Buoyed by pre-season testing, Haas Formula 1 team principal Ayao Komatsu believes it has managed to correct the ‘nasty’ characteristics that plagued the team throughout the 2023 campaign.
Despite often impressive qualifying performances last season, the VF-23’s issues with tyre degradation in race conditions sentenced Haas to tenth place in the Constructor’s Championship.
Haas had hoped that its 2023 limitations could be rectified with its only major upgrade of the season at October’s United States Grand Prix, but instead, the new package failed to deliver the desired results requiring a rethink for the upcoming campaign.
Following the departure of Guenther Steiner over the winter break, Haas will be hoping that newly appointed team principal Ayao Komatsu, formerly director of engineering, will be able to correct the course of the outfit on track.
Pre-season testing saw Haas focus solely on race-distance running in an attempt to understand fully the root of the season-hampering degradation woes. As it stands, Komatsu is already expecting Nico Hulkenberg and Kevin Magnussen to enjoy greater consistency with the VF-24 although some performance concerns remain.
“Last year’s car was inconsistent, it was quite nasty,” Komatsu explained of the VF-23. “Depending on the conditions – tyre condition, wind condition or track temperature – the car really wasn’t behaving in a predictable manner.
“Whereas this year’s car is behaving in a predictable manner. It’s consistent. Yes, we are still lacking downforce, especially in high-speed and sort of balancing medium/low-speed characteristics, but I don’t think it’s got nasty characteristics.”
Komatsu also believes that the team’s challenger for the upcoming campaign is an “acceptable” baseline before upgrades begin to arrive in the early phases of the season. The Haas boss also reasserted that the team will prioritise race performance over making headlines in qualifying.
“You have got to decide what the biggest problem is you want to solve,” Komatsu said. “There is no point qualifying in P7 and going backwards on Sunday. I’d rather qualify P14 but have a car we can race and get up to the top 10. That’s our objective.
“I’m not going to suddenly turn up next weekend here and then start optimizing a car for qualifying, no.
“Everybody knows our problem and how frustrating that is, right? Look at Abu Dhabi, last race of the season, essentially with the launch car. We can qualify P8, which is fantastic, but all of us knew, Saturday night, we can’t do anything on Sunday.
“We lived through that last year.
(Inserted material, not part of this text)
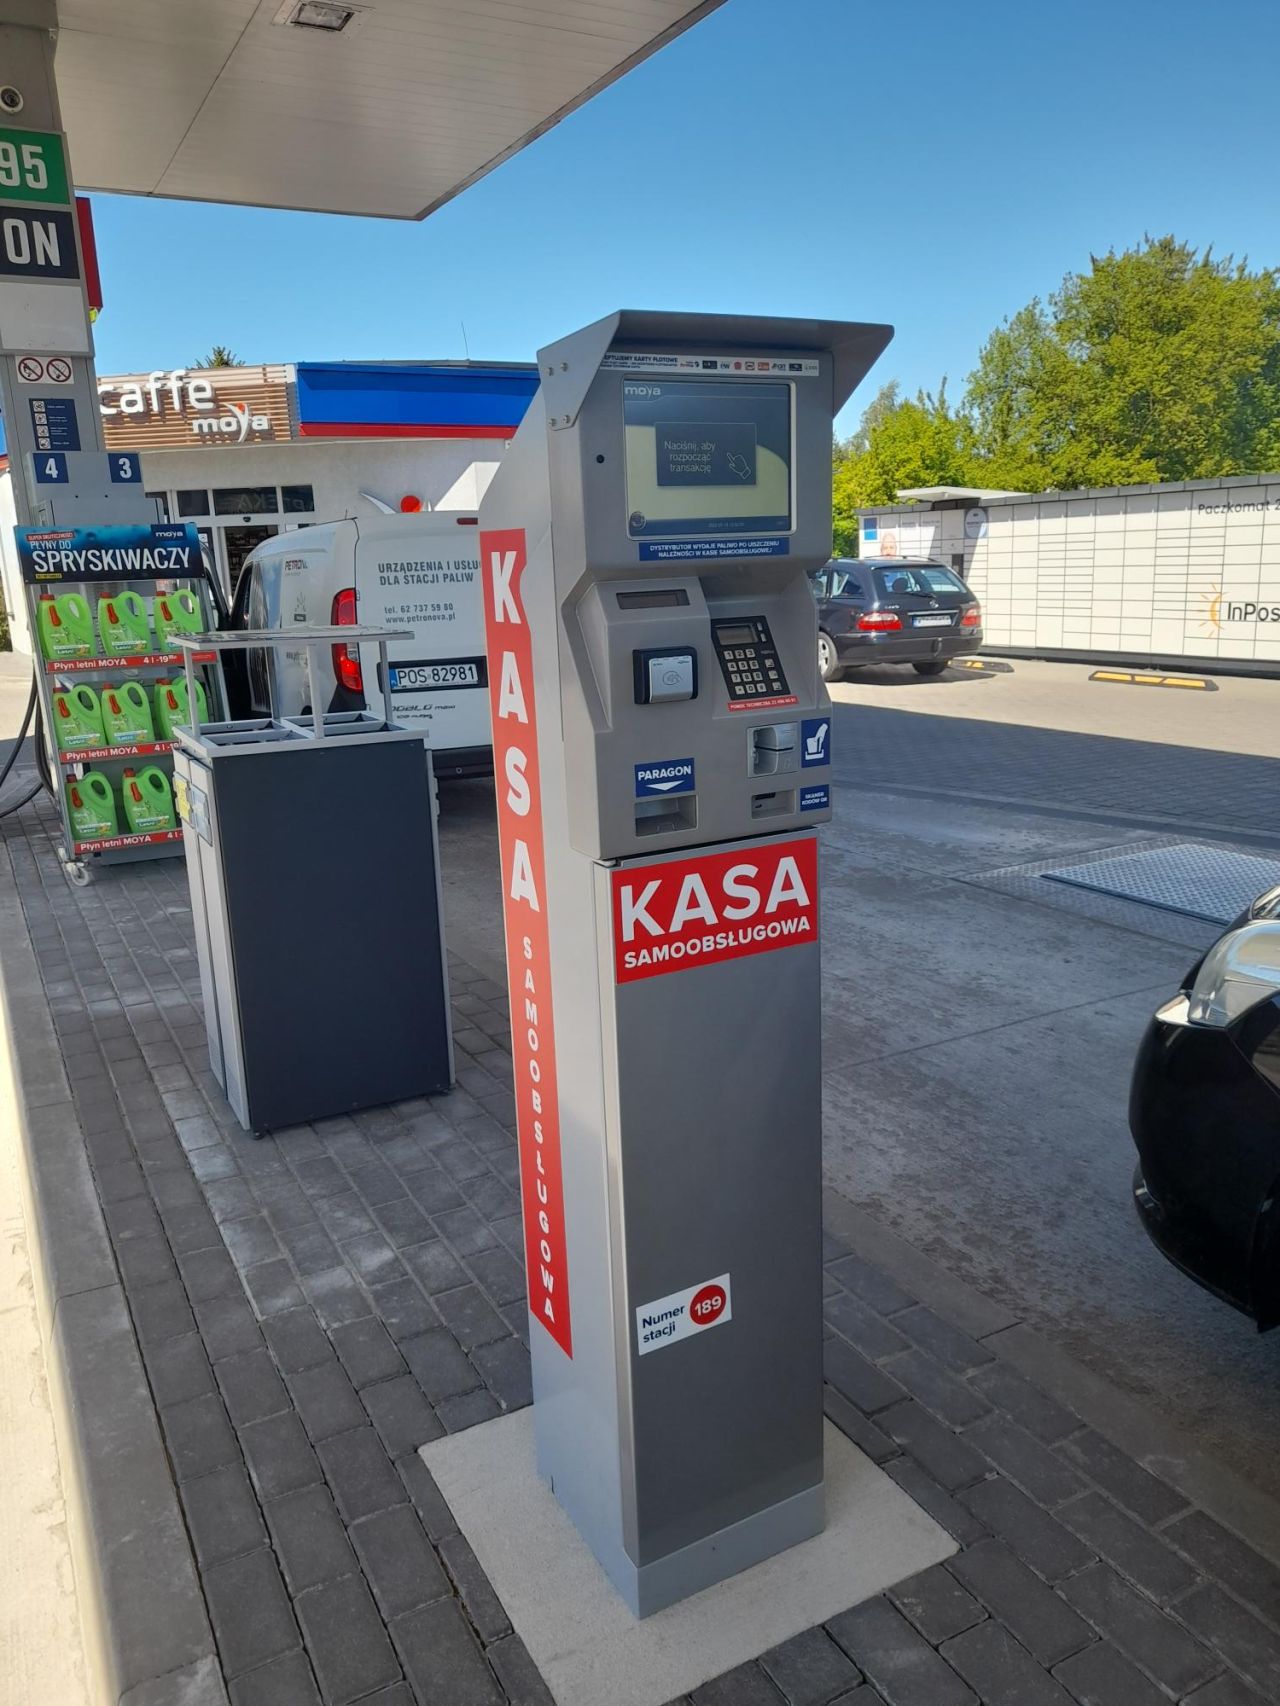 Терминал самообслуживания на АЗС MOYA (Польша) позволяет самостоятельно заправляться и производить оплату непосредственно у топливораздаточной колонке

In that sense, it’s not difficult to convince everyone. But at the same time, of course, everyone wants to find out how quick is our car on one-lap pace. But the message had to be clear.
“If there’s one thing we needed to come out from this test, it was learning about tyre management, and our long-run pace. So once you got the objective, that’s what we’re doing. Everything else is noise.”